I started work on Icara in February of 2017, and all through the writing I hedged, walking with Alison up to the ledge and turning her away.  I had a really hard time writing the story she was telling me, because it wasn't what I wanted for her.  I wanted this third book to show that she had found a path, that she was making good choices, and that her life was better because of it.  I finished it and sent it to Janet, who said what I already knew, "You didn't tell the story you needed to tell."  How she knew that there was conflict in me about this book I will never know.  She was right, of course.  Janet has incredible instincts.  I got the manuscript back and did a ninety percent rewrite, and I let Alison tell her story without me interfering.  It was better, much better.  My editor agreed, even though it was essentially a different novel for her to edit.   We released Icara in June 2017.  

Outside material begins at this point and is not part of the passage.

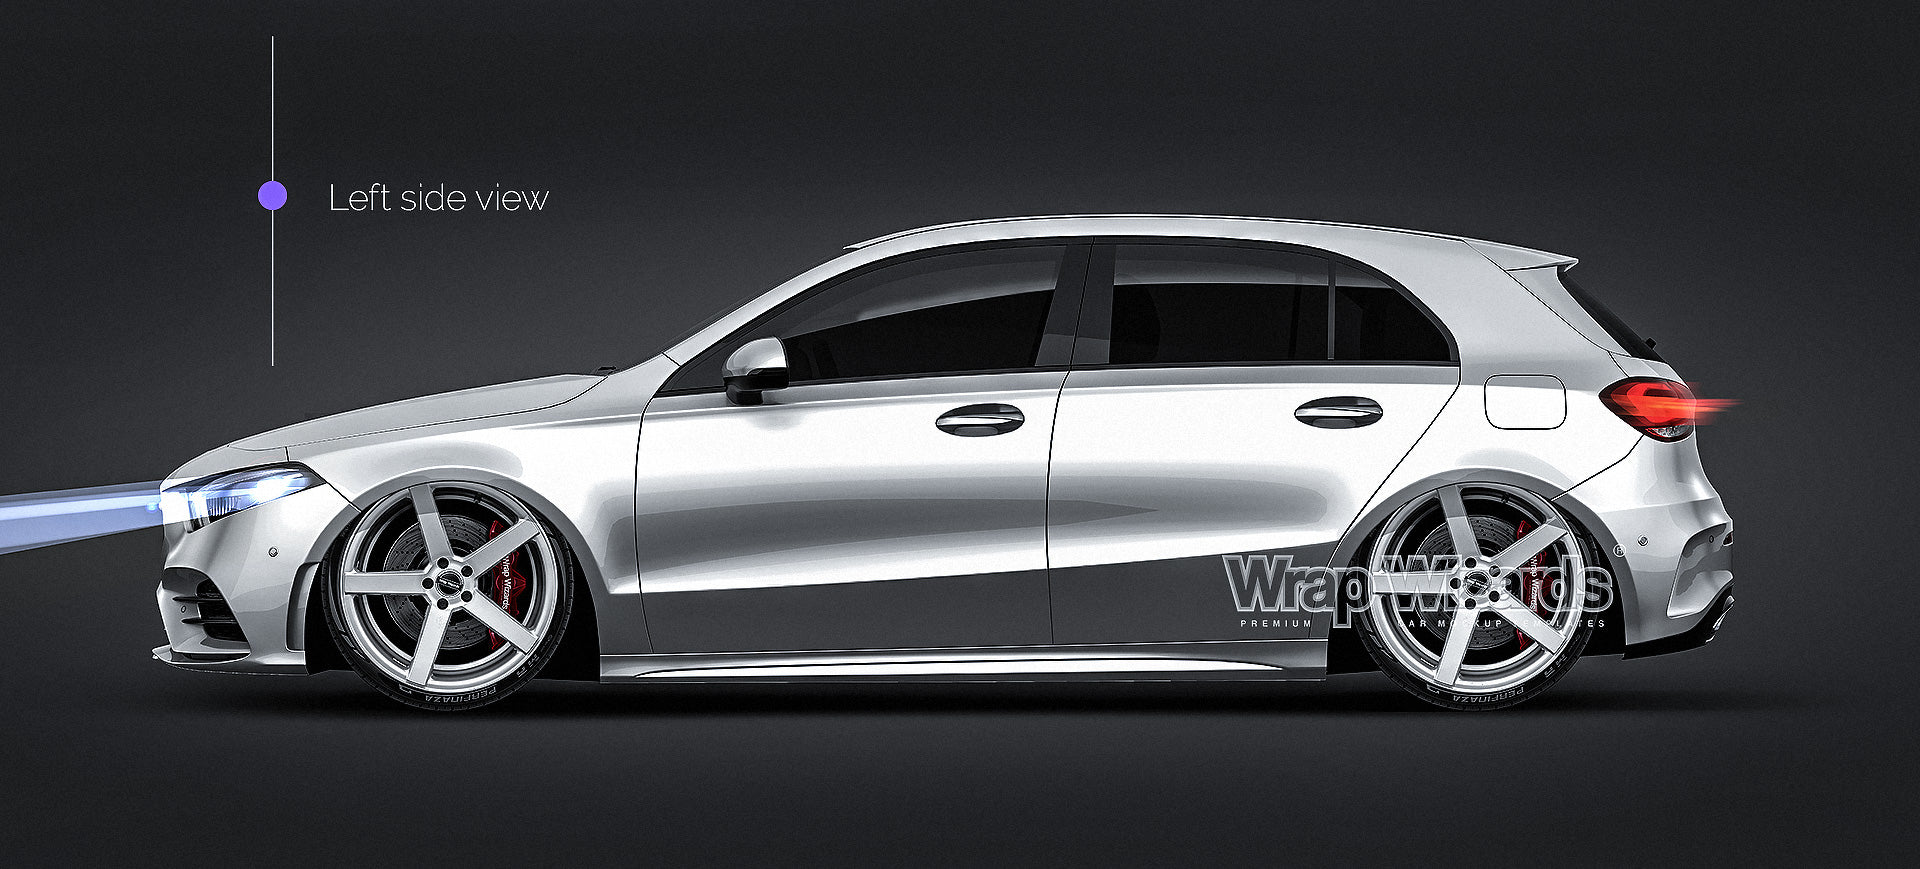 Mercedes-Benz A-Class AMG 2019 glossy finish - all sides Car Mockup Template.psd

3. What inspires you to write?
 I am inspired to write by the strangest things.  Sometimes it can be as simple as the light falling through a window, or some snippet of conversation overheard that inspires some sort of an emotional response.  My newest work was triggered one morning while I was cleaning my daughters' rabbit cages.  I'm 40,000 words in and am excited to see where it goes from here.

4.  Do you have a favorite spot to write?
 I generally write in the kitchen, standing at the counter.  I like to be available for the kids and luckily don't require silence to write.  Editing, is a different story.  I need to be alone and undisturbed to edit, so I generally do that work at my desktop in my office.

5. Do you have any “odd” writing habits?
 I don't think I have any odd writing habits, beyond the fact that I sometimes feel I am just transcribing as the story is channeled through me, but when I am writing I follow the nanowrimo method.  I try to write 1600 words a day and be satisfied.  That generally works out to be about a chapter.  It's a goal.  Some days I come back to it throughout the day, but most times I write it and let it sit, working out the details for what comes next as I live through the day. 

6.  If you ever experience a case of writer’s block, how do you cure it?
Writers block has always been that voice in my head that tells me that I'm wasting time.  I stopped listening.  

7.  Do you work with an outline, or just write?
I don't work with an outline, but I do generally know the arc of the story when I start writing.  Sometimes the story has a mind of it's own, like the one I'm working on now, I though it was about one thing, one main problem, but as I've gotten to know my protagonist I realize that it's really about something else.  I tell people that I'm a method writer, meaning that I very much take on my character's internal thoughts when I am writing and sometimes it's not easy to come out of.  When I wrote Purgus it was a real struggle to rebalance myself after writing.  

8.  If  you could spend 24 hours as a fictional character, who would you chose?
If I could spend 24 hours as a fictional character, it would probably be Claire Randall Fraser from Diana Gabaldon's Outlander series.  Although I'm not generally a fan of romance, these books are brimming with non romance details.  I have read the first three books in that series multiple times and what I love about Claire is her intelligence.  She is very savvy and practical with a keen eye for observation.  Also, I like history and loved Scotland when I visited, so that would be a treat, especially knowing that after 24 hours were up I could come home and  have a hot shower.  

9.  What are you working on next?  
My current project is the first book in what I expect to be three, it's about a woman who find some secrets about her childhood after her mother passes away.  The new details of her life, and the loss of her mother, sends her into a bit of a tailspin and I'm anxious, right now, to see how she comes to terms with her new altered reality.  I hope to have it for a first glance to my editor sometime early fall.